The following is a Convolutional Neural Network that differentiates between cats and dogs.

### Import Statements

In [60]:
import tensorflow as tf
from keras.preprocessing import image
from keras.preprocessing.image import ImageDataGenerator
import numpy as np

In [46]:
tf.__version__

'2.15.0'

## Data Preprocessing

### The Training Set

We want to perform some **transformations** (such as rotation, flip, zoom, translation, shear e.t.c) on the images of the training set. The idea behind these transformations is to expose the model to a diverse range of input variations during training, which helps prevent it from memorizing specific details of the training set. This way we can avoid **overfitting**.

In [47]:
train_datagen = ImageDataGenerator(
        rescale=1./255,
        rotation_range=40,
        width_shift_range=0.2,
        height_shift_range=0.2,
        shear_range=0.2,
        zoom_range=0.2,
        horizontal_flip=True,
        fill_mode='nearest')

The `rescale` parameter of the `ImageDataGenerator` will apply **feature scaling** to every pixel. By scaling the pixel values by 1/255, we normalize them to the range [0, 1].

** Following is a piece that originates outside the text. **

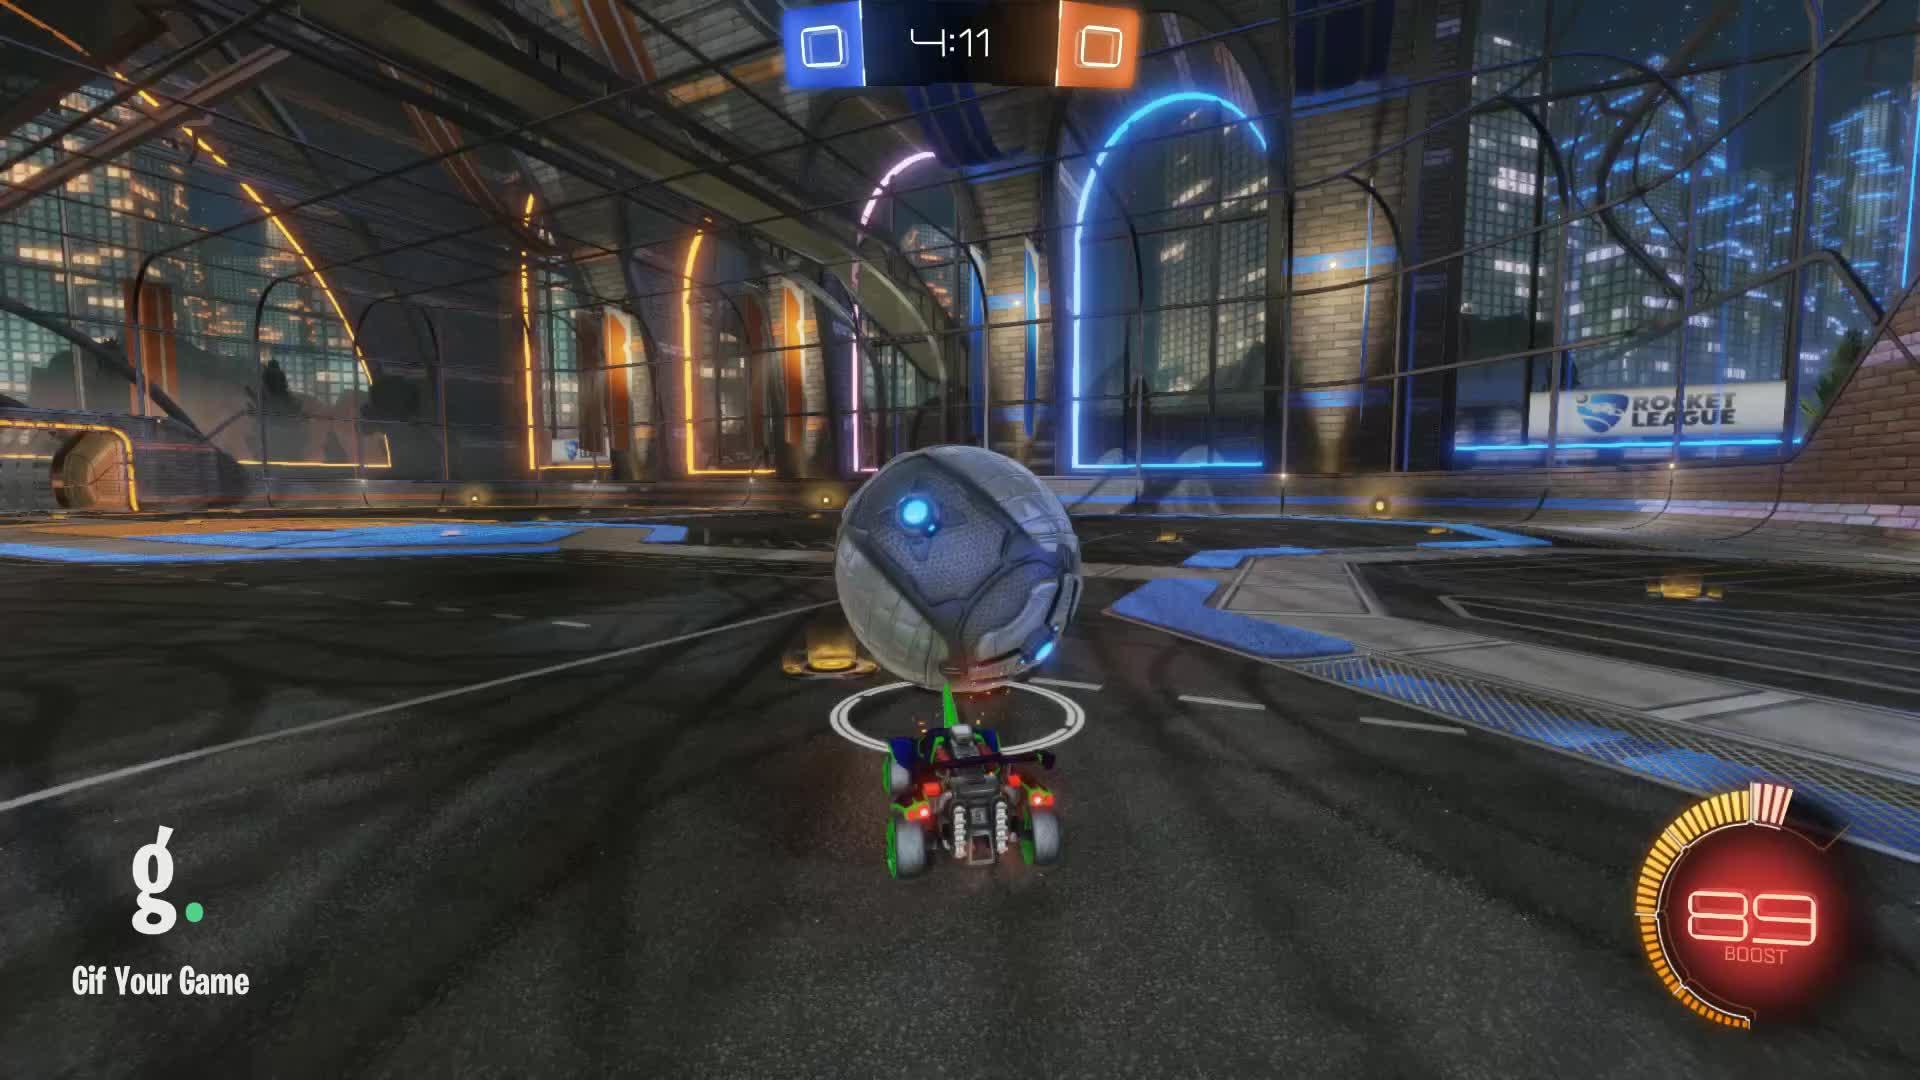 Gif Your Game, GifYourGame, Goal, Rocket League, RocketLeague, sinz, Goal 1: sinz GIFs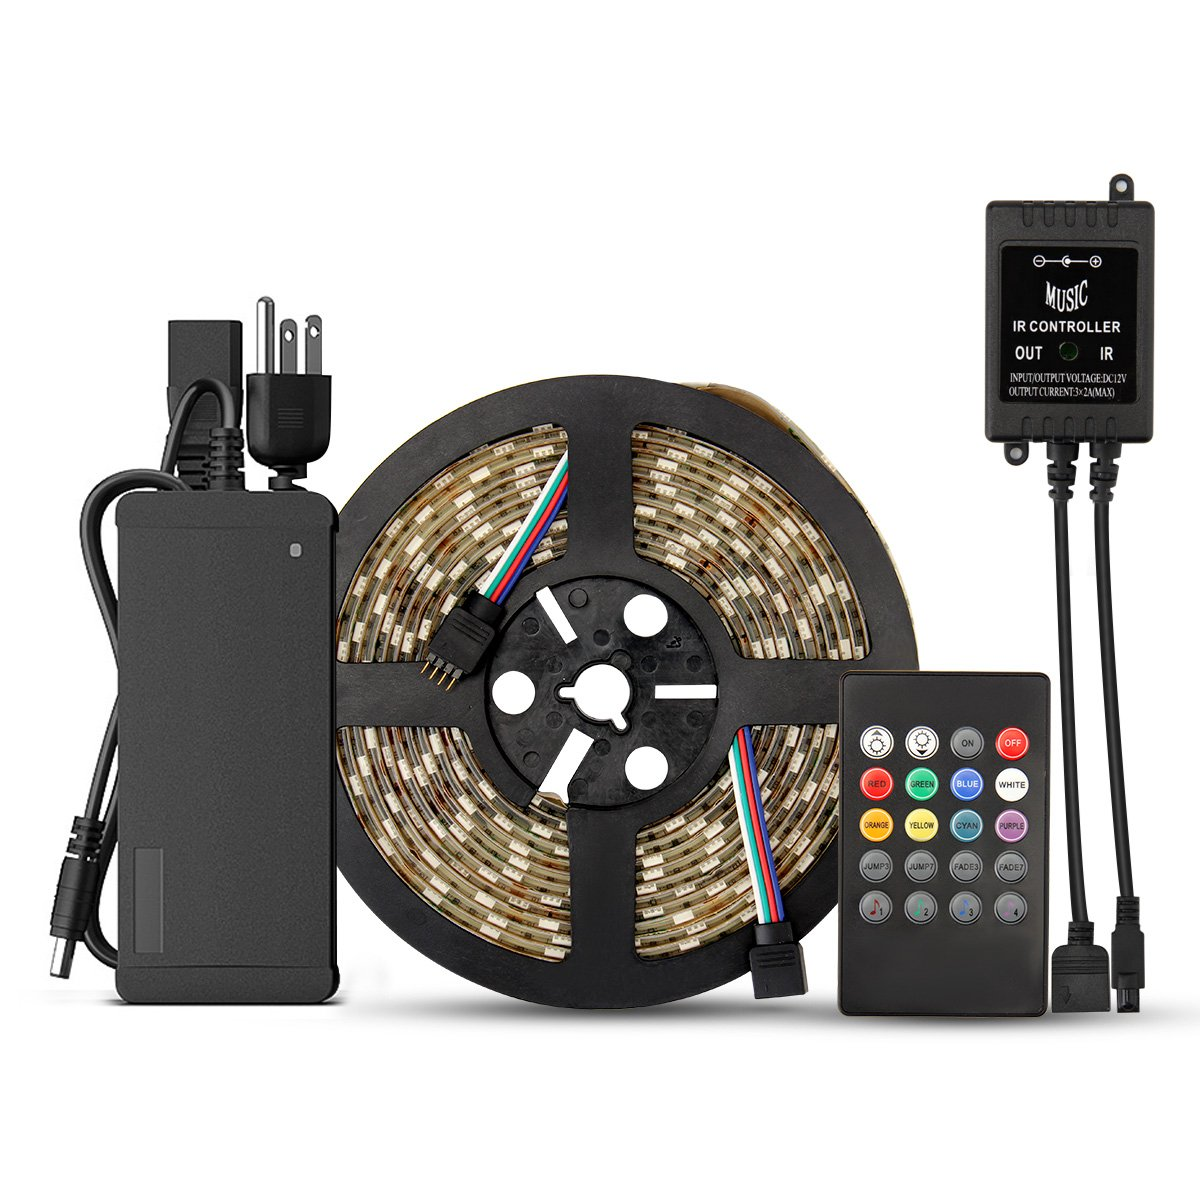 SUPERNIGHT 5M 300LEDs RGB Waterproof Flexible 5050 LED Strip Light with 20Key IR Music Remote Controller (RGB+20Keys Remote +Power Supply)

Below is a generator that will read images found in subfolers of 'data/train', and indefinitely generate batches of augmented image data.

In [48]:
training_set = train_datagen.flow_from_directory(
        'data/train',  # this is the target directory
        target_size=(150, 150),  # all images will be resized to 150x150
        batch_size=32,
        class_mode='binary') # this is a binary classification problem i.e either cats or dogs

Found 8005 images belonging to 2 classes.


### The Test Set

We do not want to perform transformations on the test data to avoid **data leakage**. We want to ensure that the evaluation of the model's performance reflects its ability to generalize to new, unseen data in a real-world scenario. We do however still need to normalize the data for our neural network.

In [49]:
test_datagen = ImageDataGenerator(rescale=1./255)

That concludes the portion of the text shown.